I have to drive to Spain soon & know the French have a few weird requirements such as carrying breathalysers in the car but is there any similar requirements I need to be aware of for a trip into Spain please?


----------



## MrBife (Jul 26, 2009)

travelling-man said:


> I have to drive to Spain soon & know the French have a few weird requirements such as carrying breathalysers in the car but is there any similar requirements I need to be aware of for a trip into Spain please?


Two warning triangles, spare light bulbs and tools to fit them, reflective jacket for every passenger in the car, spare pair of glasses or contact lenses if you wear them. Not sure if a first aid kit is a legal requirement or just a recommendation - best to have one anyway.
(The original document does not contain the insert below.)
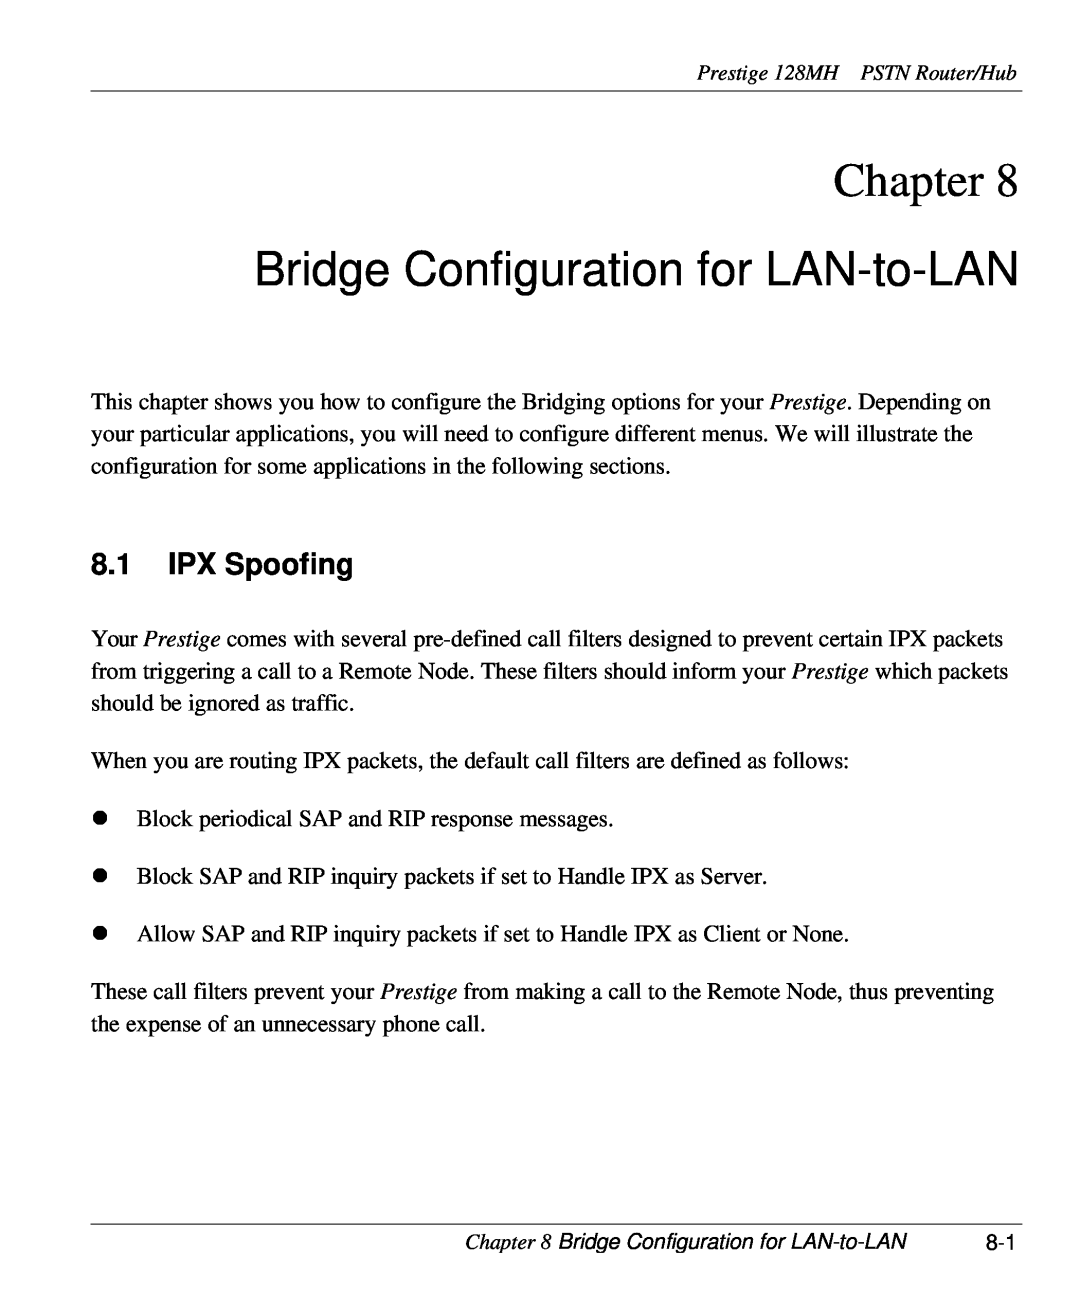 ZyXEL Communications 128MH user manual Bridge Configuration for LAN-to-LAN, IPX Spoofing, Chapter 
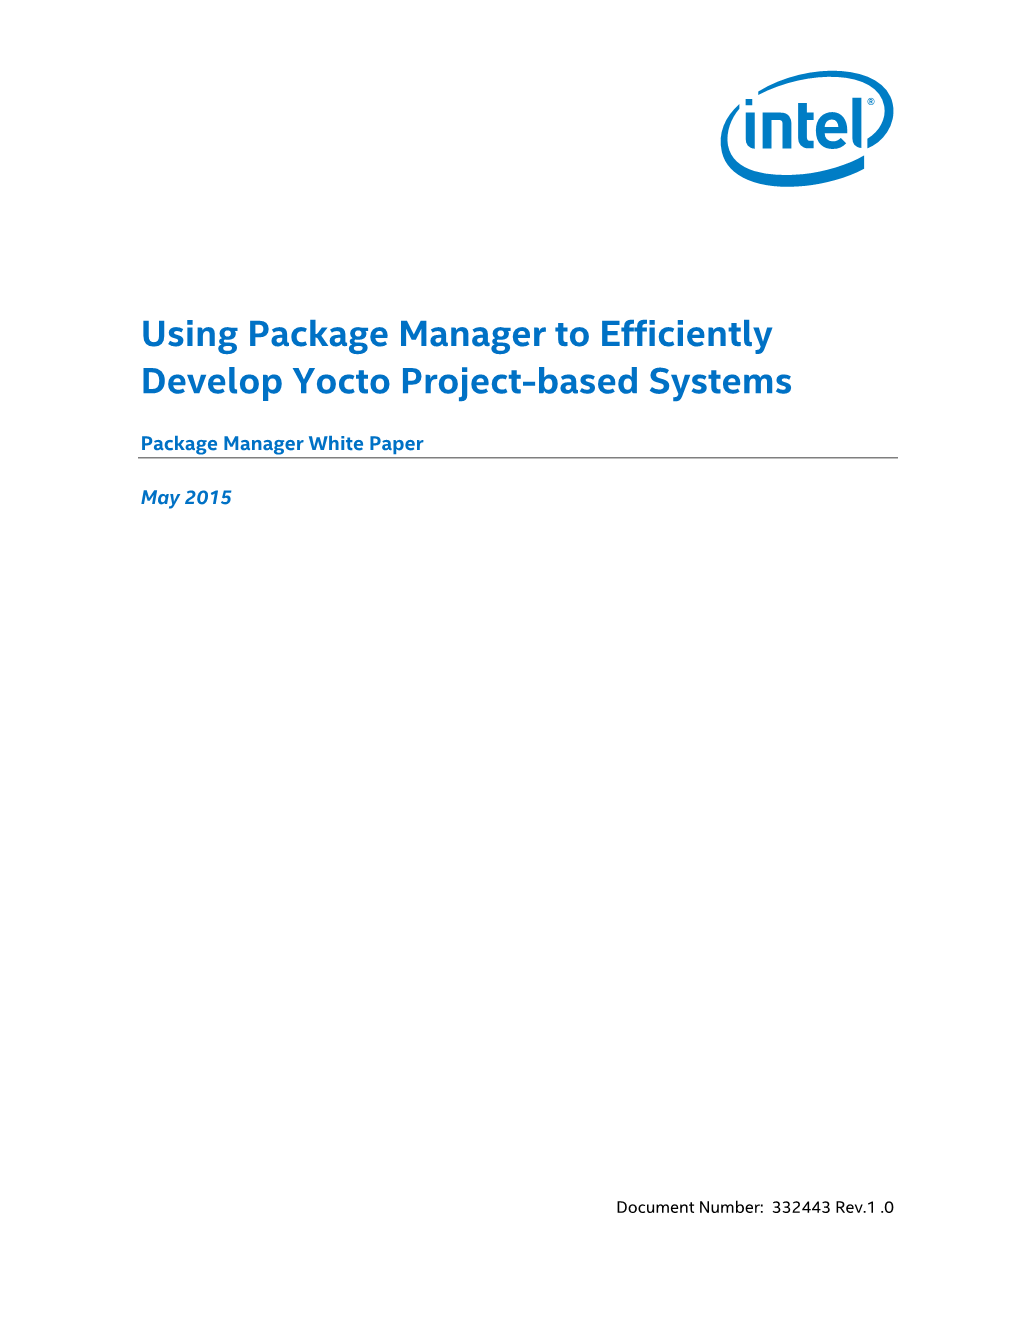 Using Package Manager to Efficiently Develop Yocto Project-Based Systems

Make sure your insurance policy is valid for Spain, some are not and you require an extra green card that you have to apply for before travelling.


----------



## siobhanwf (Mar 20, 2009)

TM I understand that breathalyser kit is no longer a requirement in France


----------



## canoeman (Mar 3, 2011)

Sensible to abide by local laws if possible but foreign cars, drivers can't be compelled to carry 2 triangles or glasses which doesn't mean local police wouldn't fine you for not having in the case of an accident.
It's the compulsory ones you need to watch out for like spare tire or repair kit and equipment to change.
Radar detectors prohibited, no use of horn in urban areas except in an emergency, mobiles only truly hands free

Reflective jackets 1 per person carried inside vehicle and worn in case of accident or stopping but it's not mandatory for foreigners in Spain but is in Portugal confusing just easier to carry

Tend to be quite hot on use of indicators to signal intention and no throwing cigarettes out of the window automatic points/fines


----------